The ensuing delays exasperate an already strained road network and contribute to significant losses to trade and commerce in the Lower Mainland, which is heavily dependent on road vehicles for the movement of goods, services and people.
President & CEO of the BC Trucking Association, Paul Landry, says, “A robust incident management system is one element of a policy toolkit that would help to preserve priceless existing infrastructure capacity and reduce the demand for new investments. Other elements include managing/restricting on street parking during peak periods, enhanced left hand turning bays and truck-only lanes in key corridors.”
Using information from the transportation industry it is not unreasonable to value the loss of productivity, created by inordinate delays in reopening roadways after an incident, across all industry sectors, into the hundreds of millions of dollars.
Among agencies involved in highway incident management none is charged with the responsibility to execute a coordinated and effective management system to address the entire impact of any incident.
The consequences resulting from the interruption of the free flow of traffic from accidents on roads throughout the Lower Mainland are rapidly becoming more serious. Suburban and industrial growth infrastructure development in border, sea and air ports contribute to the number of traffic units moving around the area.
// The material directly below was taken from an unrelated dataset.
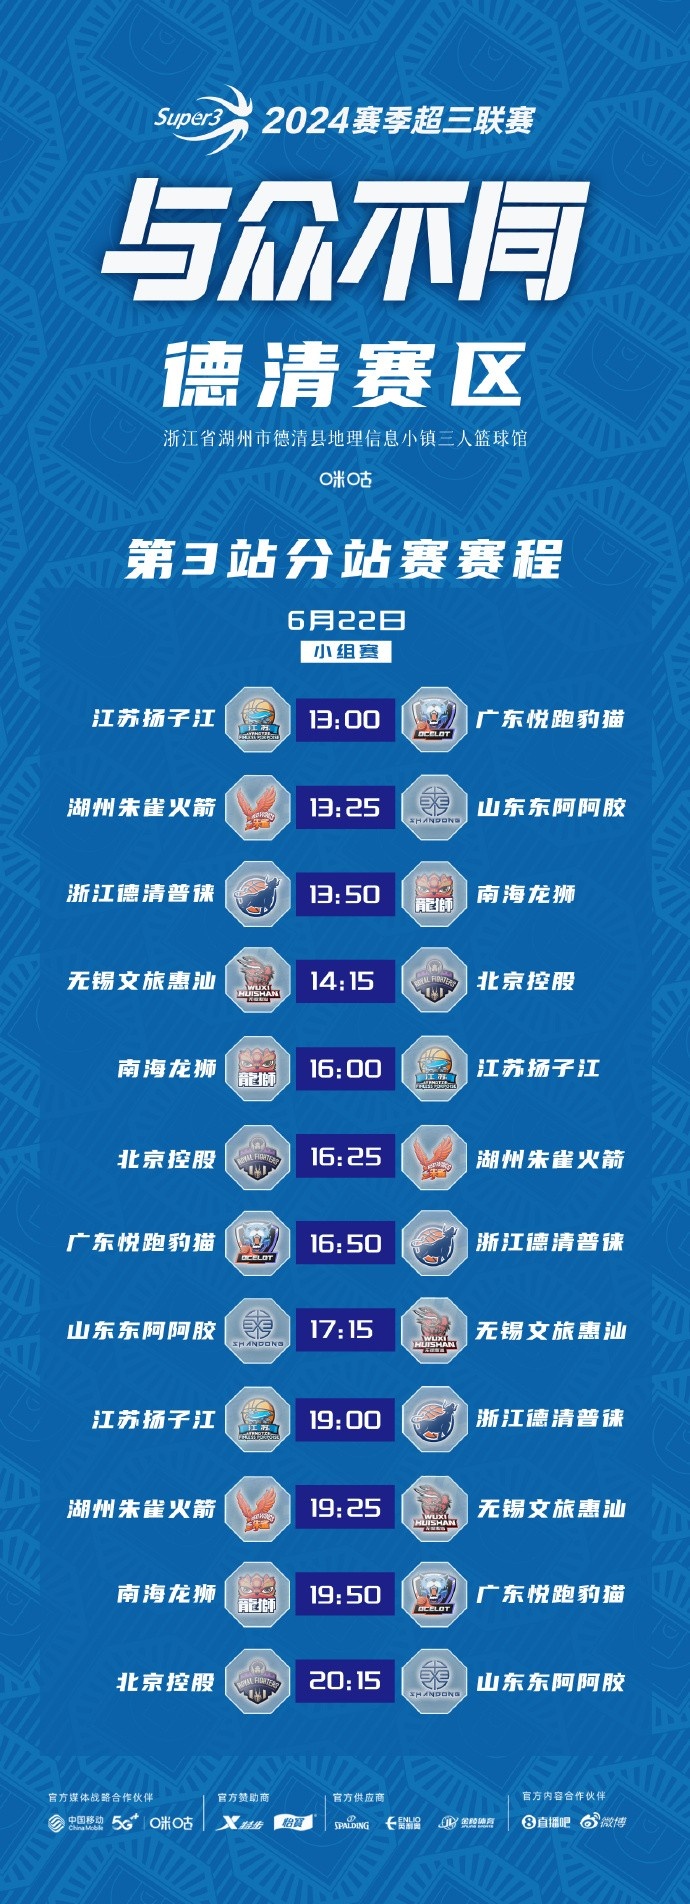 超三联赛德清赛区第3站、贵阳赛区第2站比赛Day16月22日开战！

These units, in general, exceed the designed capacity of the existing route structure as it is without the further complication of traffic incidents.
Following one of several major gridlocks of many hours over the past year a top police official in the Lower Mainland indicated that not only was emergency response of paramedic, fire and police services a top priority, so was the investigation by police and other authorities. With little apparent regard for the chaos and massive expense of time and money in terms of commercial loss throughout the entire region, the police official added that he was far less concerned about whether a number of people caught in the gridlock were “home late for dinner”.
The point is not to be critical of emergency services, rather to indicate that simply handing the challenge over to existing authorities without direction is not sufficient. It would only deal with a portion of the problem. There needs to be a system of priorities and protocols developed, and direction given, to emergency service authorities which encompasses the full systems response to major traffic incidents.
Not only do agencies responsible for reopening the roads following serious traffic incidents in the Lower Mainland assign little or no priority to their task outside of immediate emergency response, it is a challenge to determine which of the range of federal, provincial, regional and municipal authorities, actually has the primary authority to effect control of an incident at any given point in the system.
Observed issues
Lack of reliable statistical information:
Reliable statistical information relating to the numbers of incidents that resulted in the interruption of free flowing traffic movement along arterial roads is difficult to obtain for the province. International research has demonstrated the significant costs to the economy of these incidents. In all likelihood there is little to no reliable or consistent information for recording incidents in a given location and correlating them with the time it took to reopen an affected roadways. Furthermore, there is no system now in place which measures the impact of an incident on adjacent components of a route system or larger area of the Lower Mainland.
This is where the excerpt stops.